Future Itanium processors will have enhanced virtualisation support known as Vanderpool Technology. This provides a new processor operating mode in which sensitive instructions are properly isolated. Additionally, this mode is designed so as to allow the guest operating system to run at its normal privilege level (0) without compromising protection, negating the need for ring compression. Vanderpool Technology also provides facilities for some of the virtualisation to be handled in hardware or firmware (virtualisation acceleration). In concert these features should provide for simpler and more efficient virtualisation. Nevertheless, there remain some architectural features which are difficult to virtualise efficiently and require special treatment, in particular the translation modes and the RSE issue described above.

5 Case studies

In this section we present three implementation studies which we believe are representative of the approaches that need to be taken to develop well-performing systems software on Itanium. The first example, implementation of signals in Linux, illustrates that Itanium features (in this case, the large register file) lead to different tradeoffs from these on other architectures.

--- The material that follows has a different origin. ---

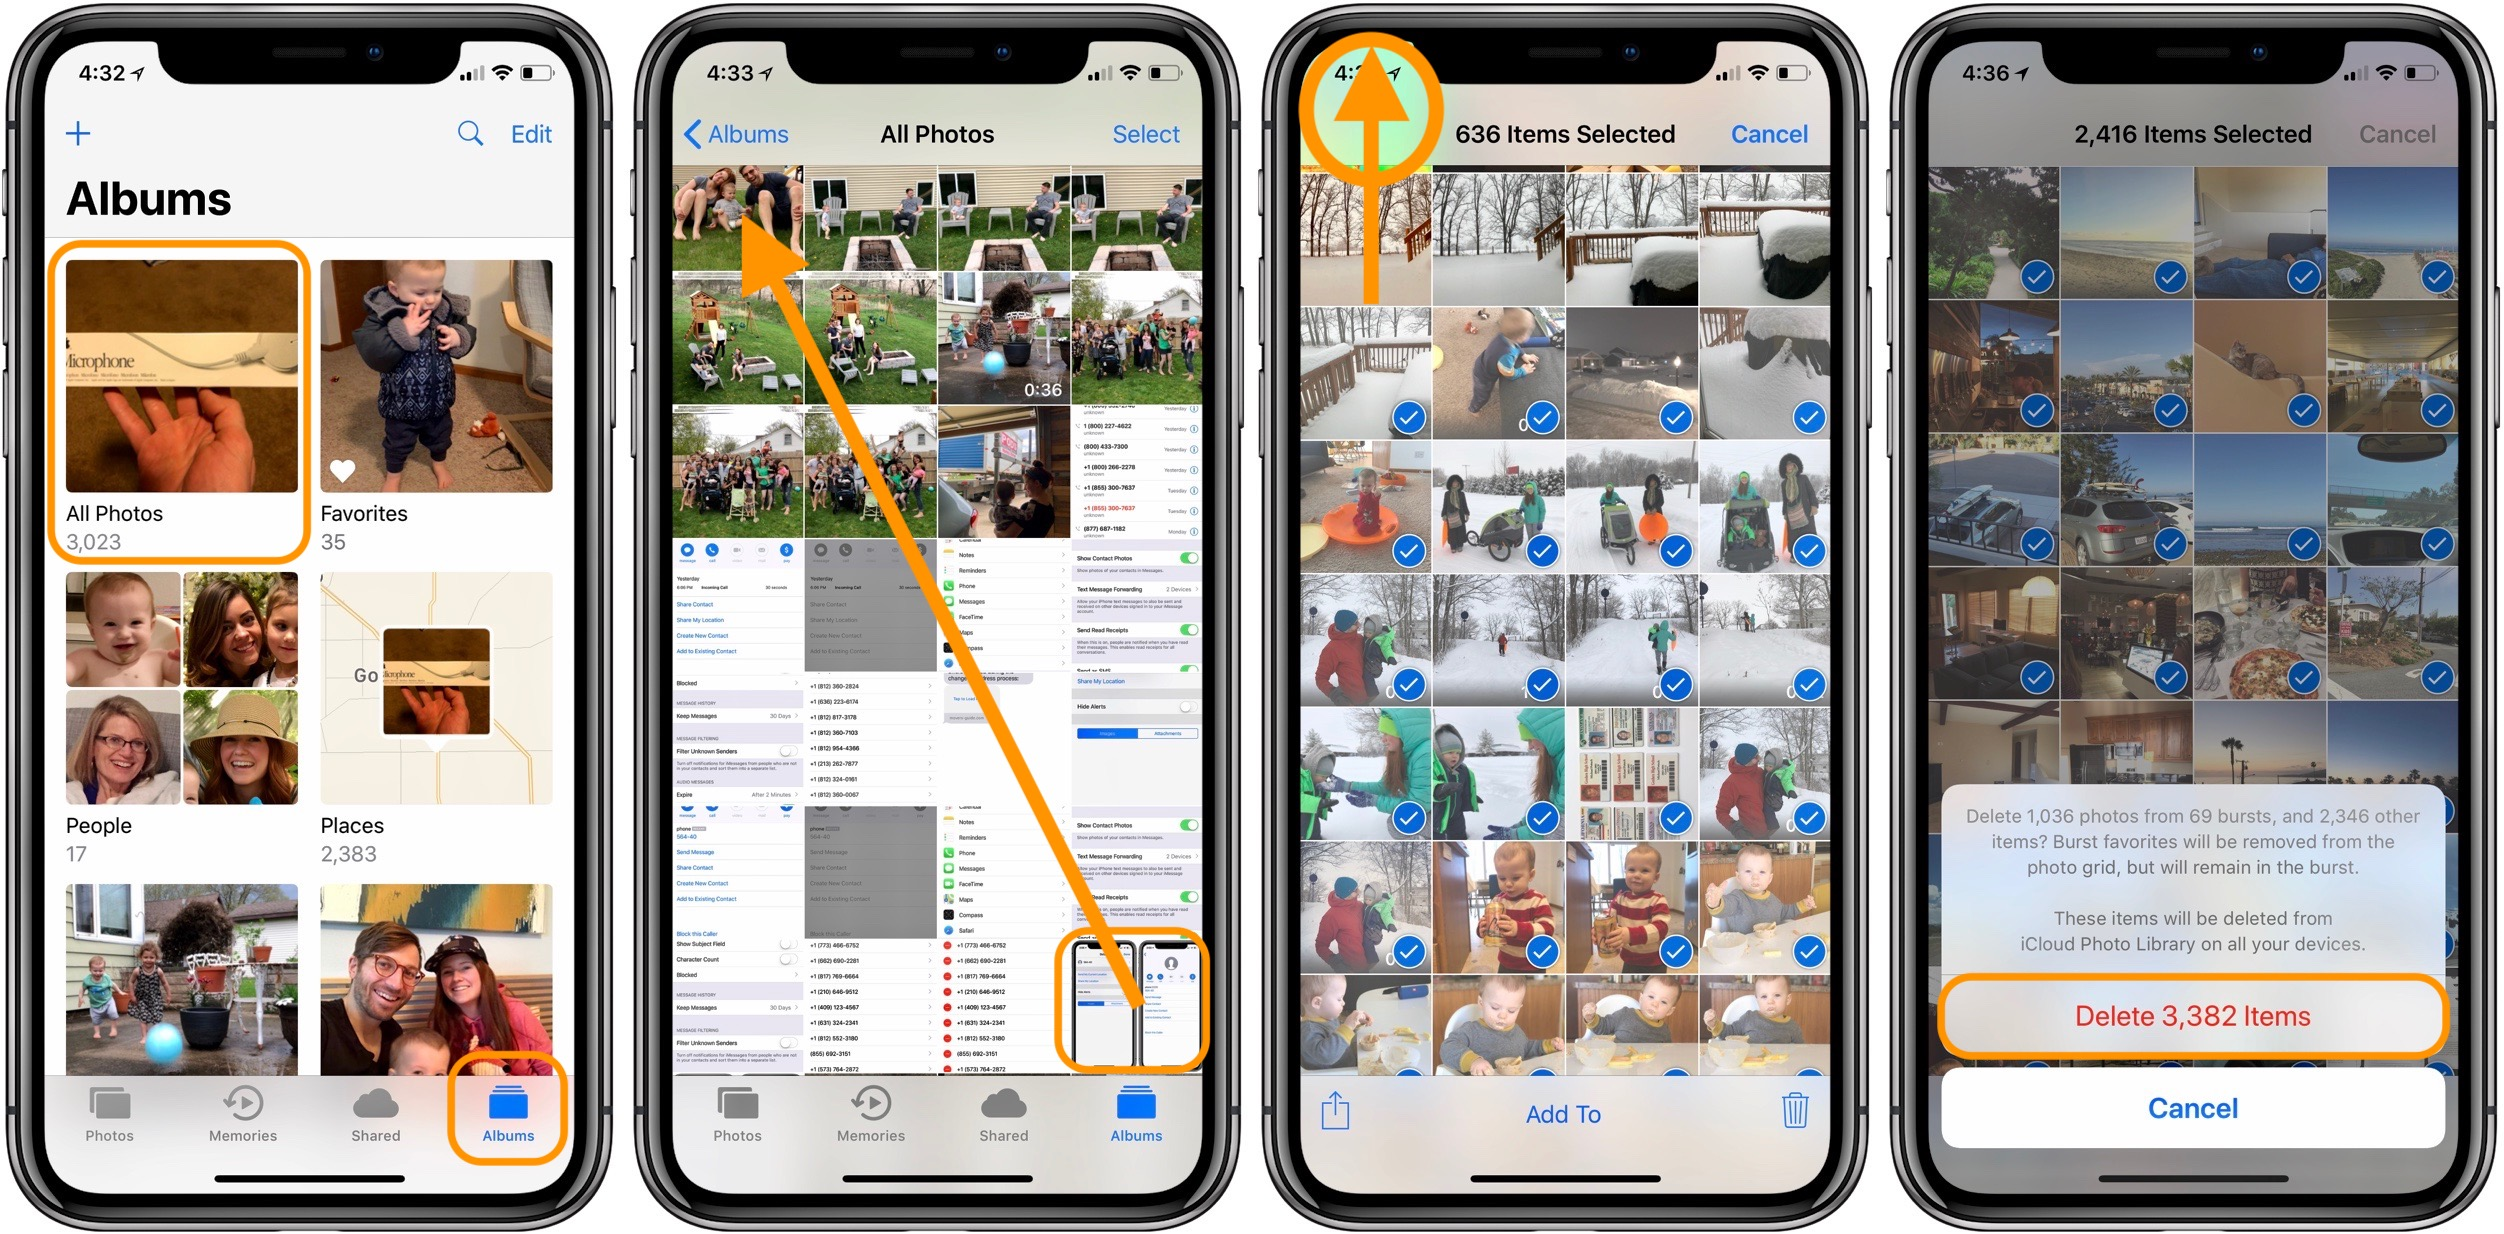 Body Tracker iOS App - A great mobile Body
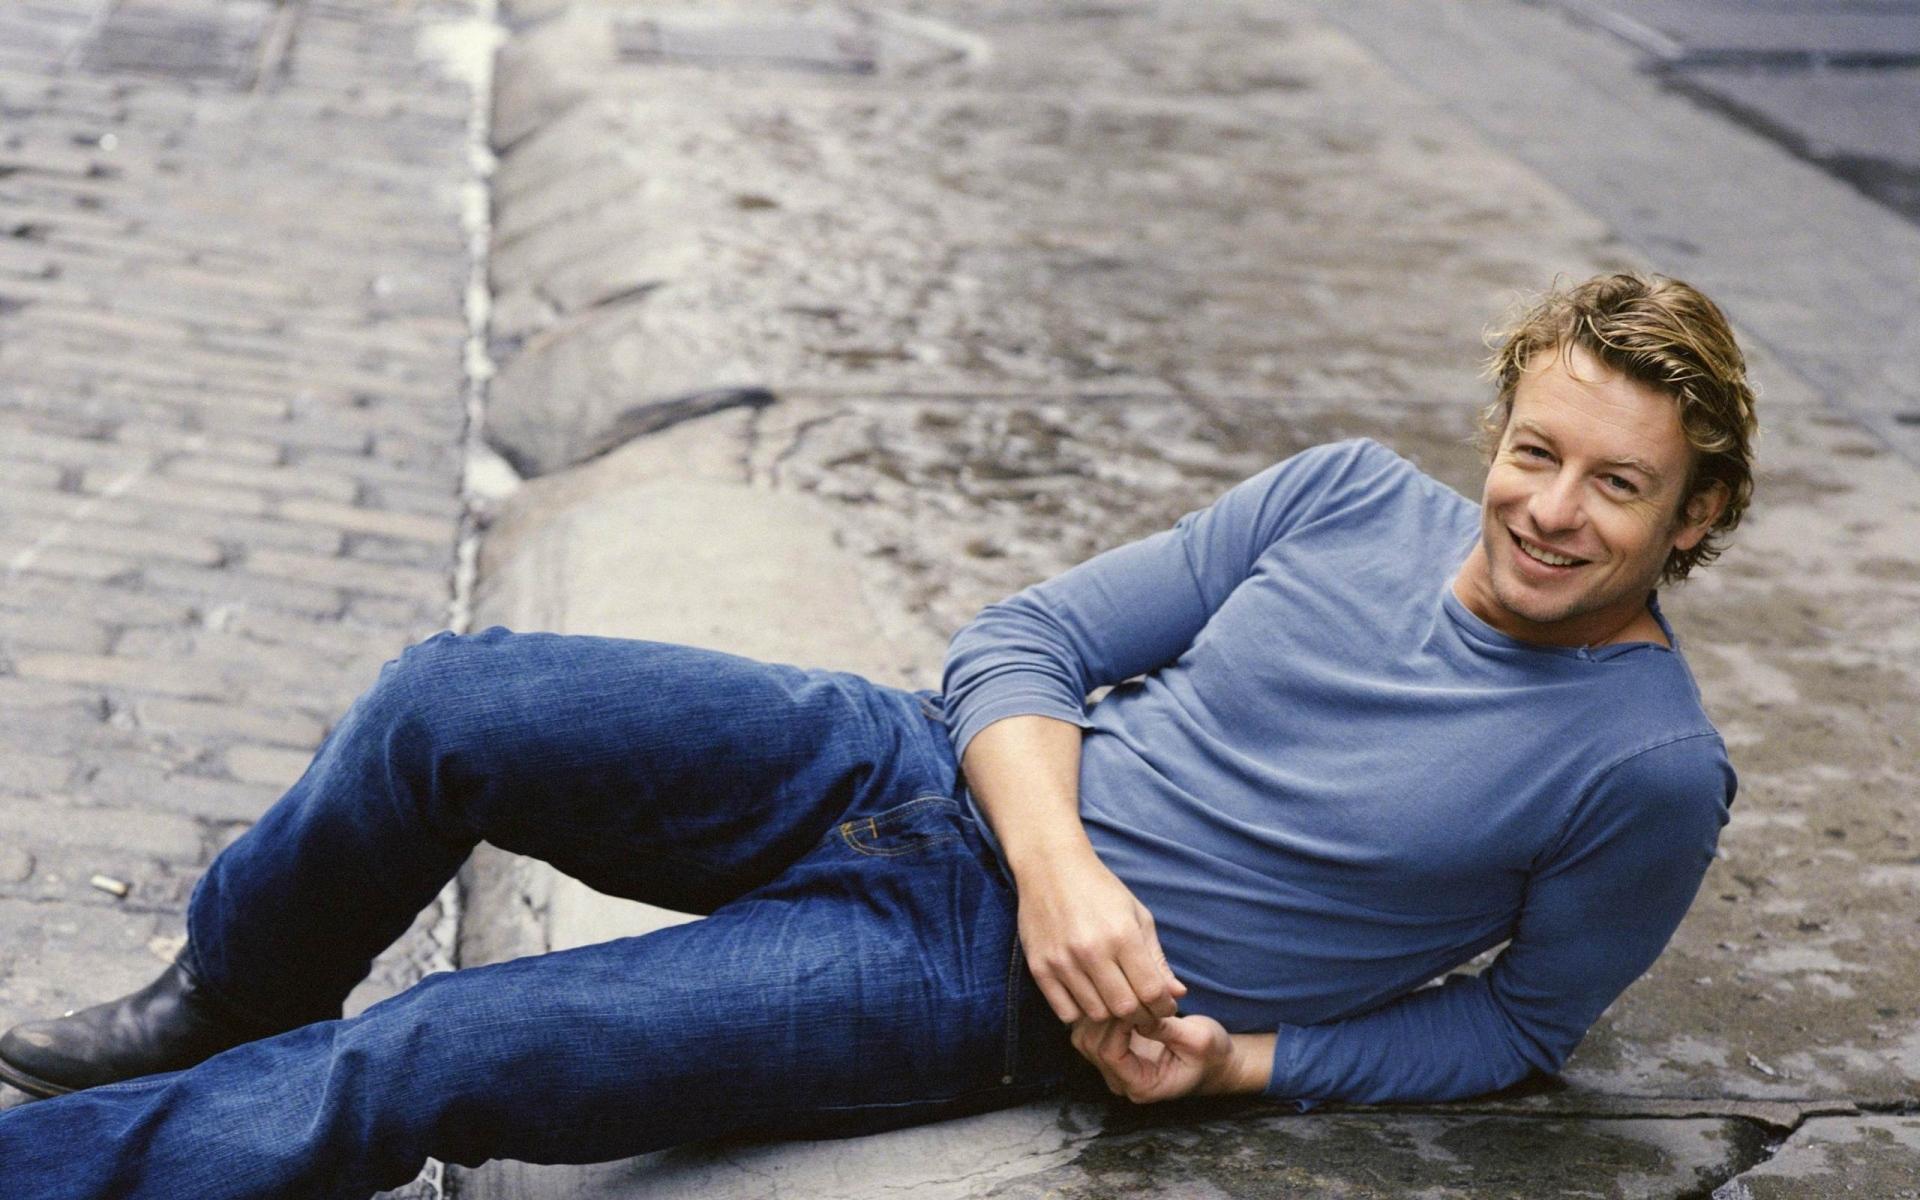 Картинки Симон Бейкер, актер, человек, лежа, улица, улыбка фото и обои на рабочий стол

The second example investigates the use of the fast system-call mechanism in Linux. The third, micro-optimisation of a fast system-call path, illustrates the challenges of EPIC (and the cost of insufficient documentation).

5.1 Efficient signal delivery

In this section we explore a technique to accelerate signal delivery in Linux. This is an exercise in intelligent state-management, necessitated by the large register file of the Itanium processor, and relies heavily on exploiting the software conventions established for the Itanium architecture[8]. The techniques described here not only improved signal-delivery performance on Itanium Linux, but also simplified the kernel.

In this section we use standard Itanium terminology. We use scratch register to refer to a caller-saved register, i.e., a register whose contents is not preserved across a function-call. Analogously, we use preserved register to refer to a callee-saved register, i.e., a register whose contents is preserved across a function-call.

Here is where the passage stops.